▶ REQUIRED WORK:
One exact copy of the listing, minus the images, is the required answer.

▶ RAW DATA:
-- Opening Marker --

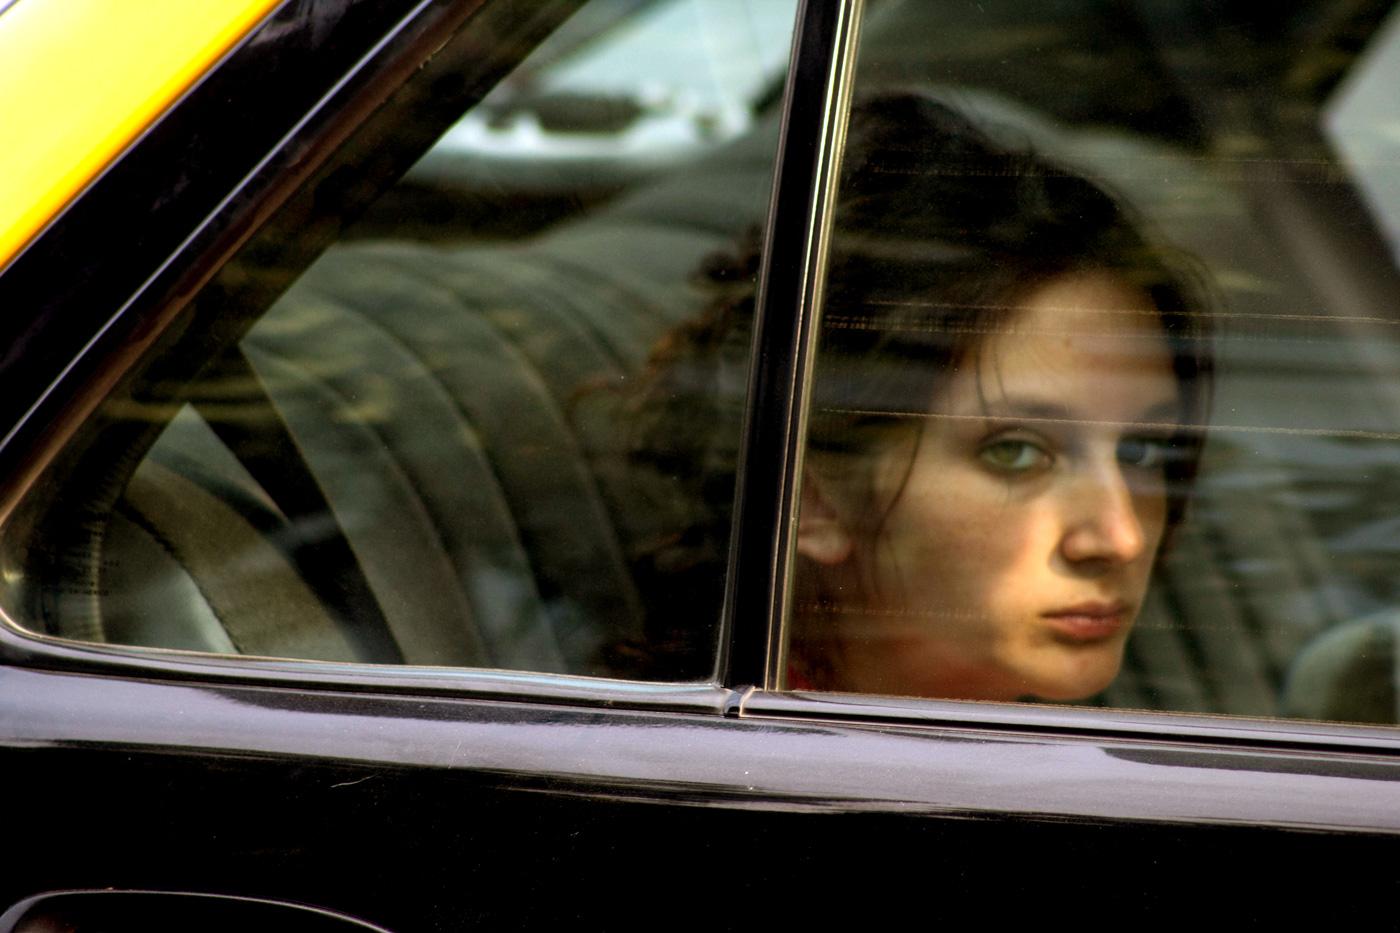 Mujer en taxi. Avenida Bilbao.
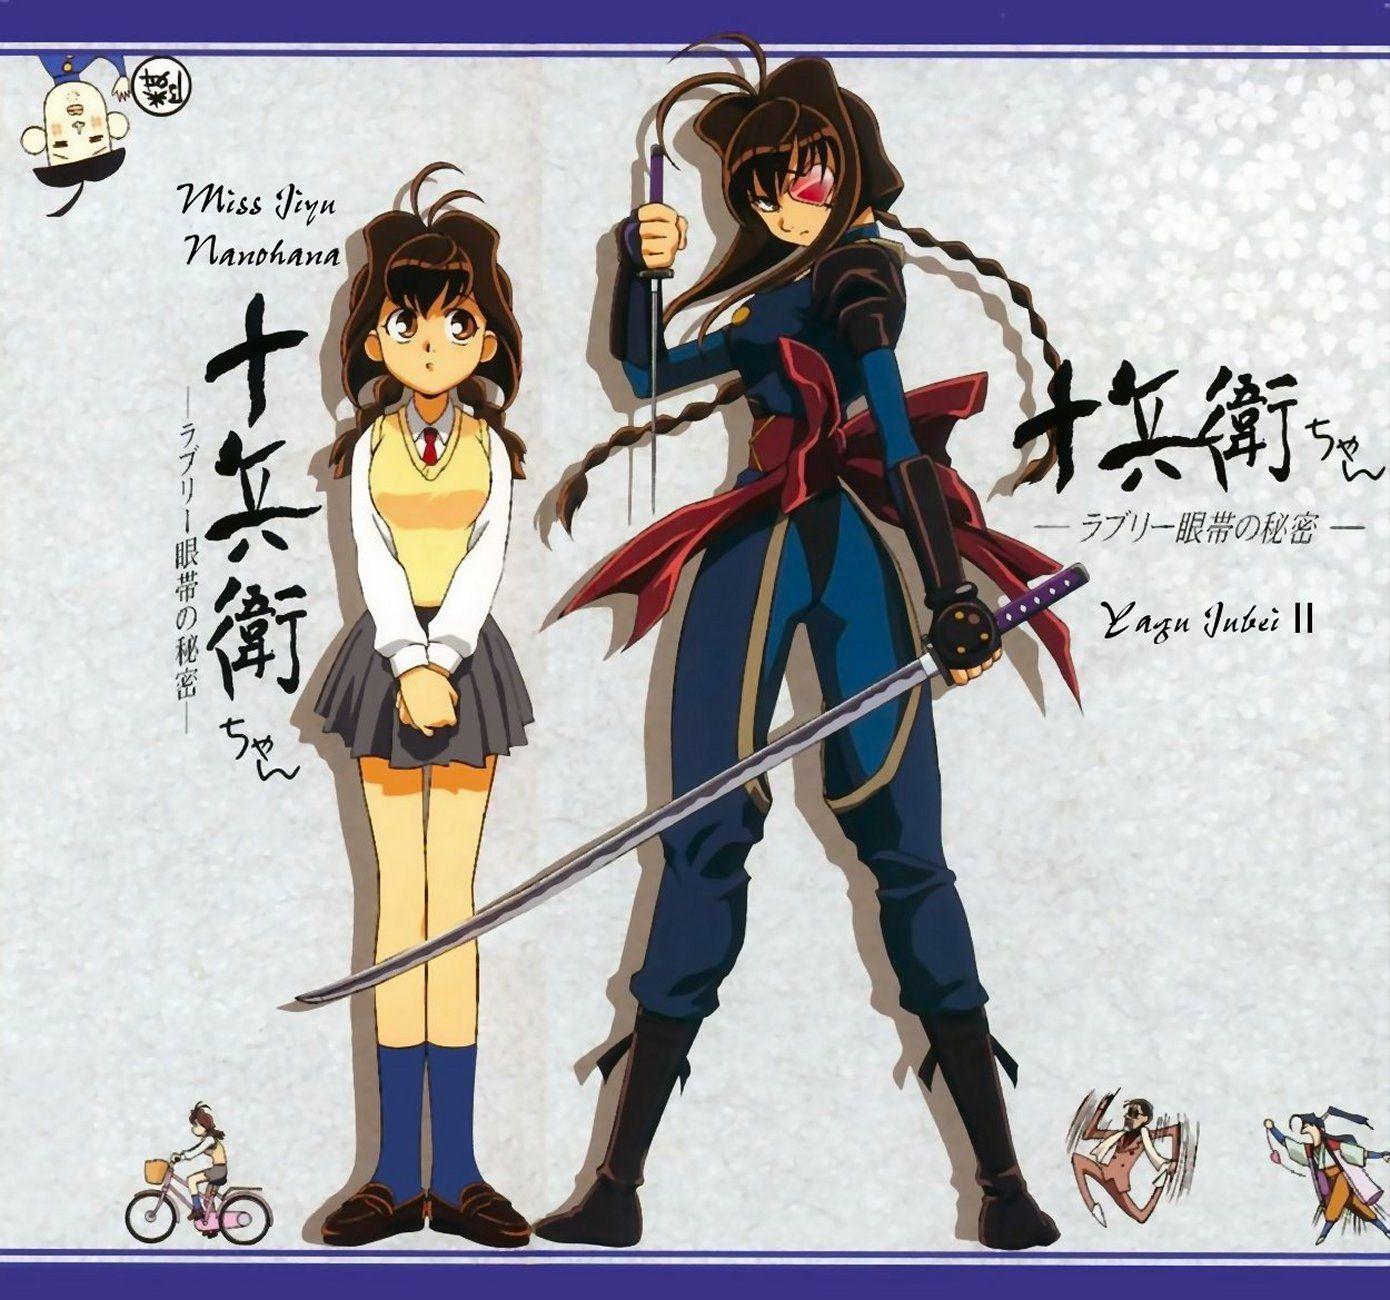 JubeiChan (1999) Samurai champloo, Anime, Ninja girl
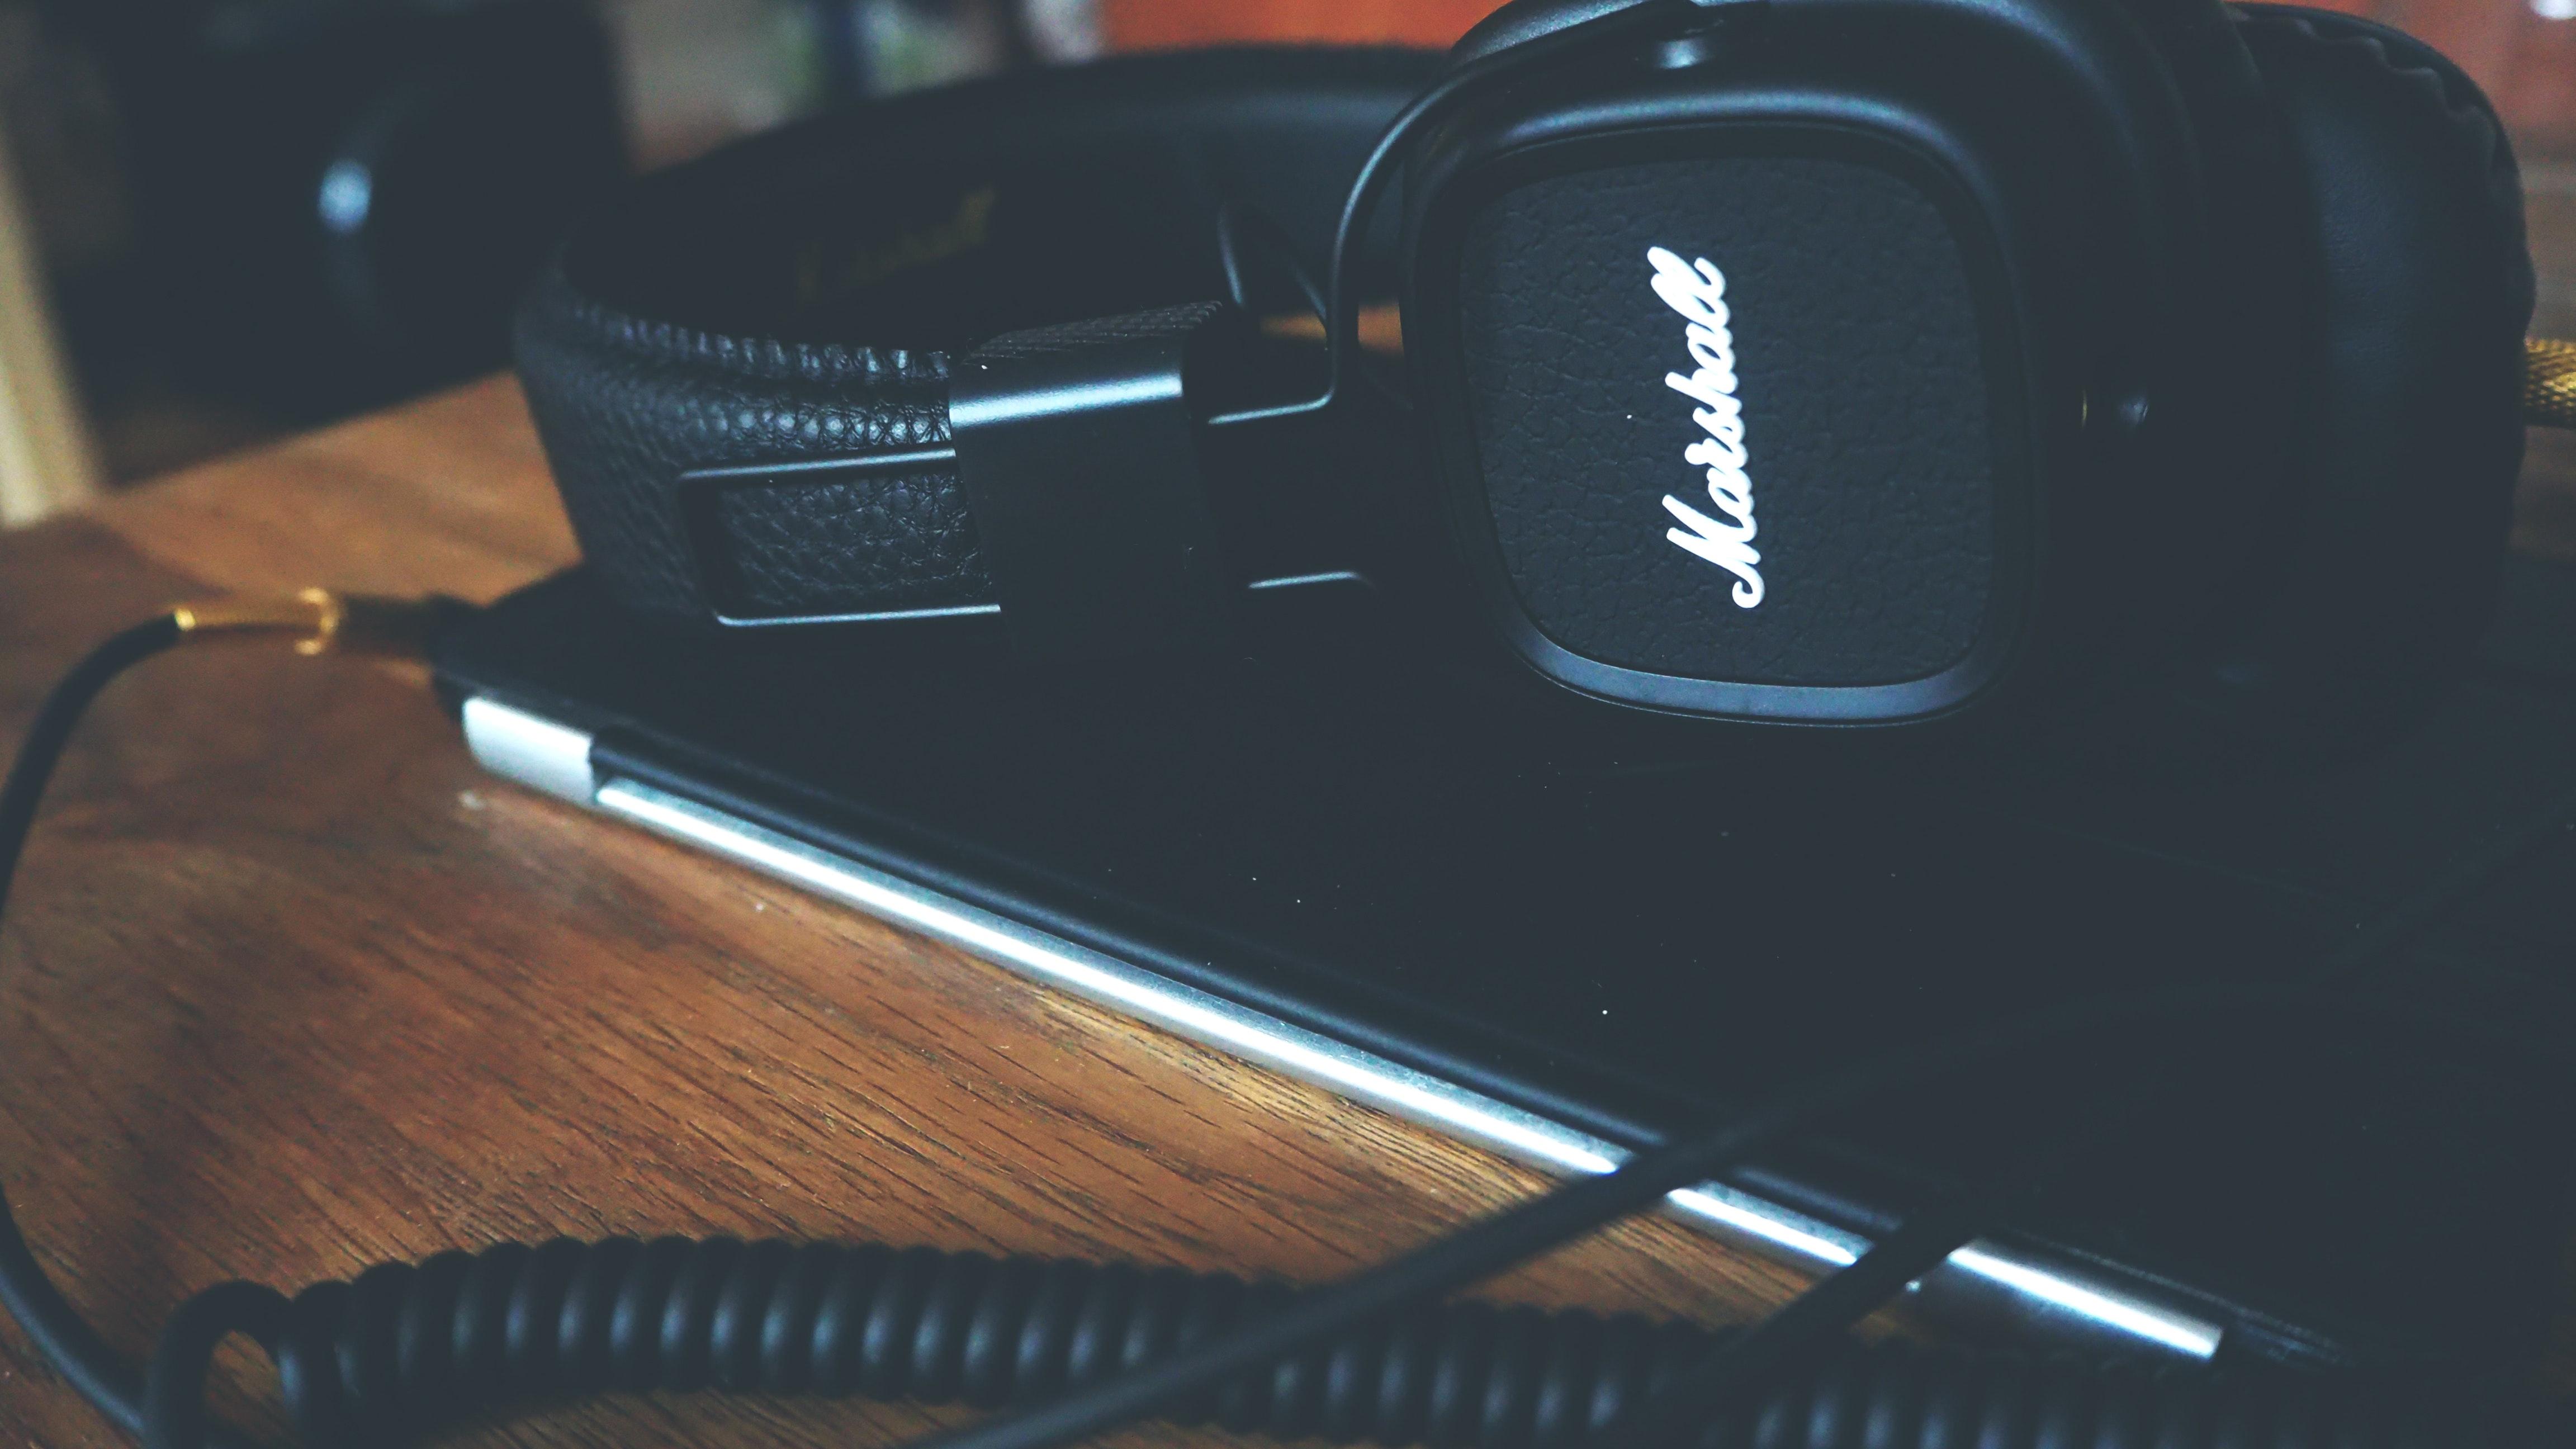 Close-up of headphone photo

-- Closing Marker --

▶ RESPONSE TO THIS EXERCISE:
 Mujer en taxi. Avenida Bilbao.
 JubeiChan (1999) Samurai champloo, Anime, Ninja girl
 Close-up of headphone photo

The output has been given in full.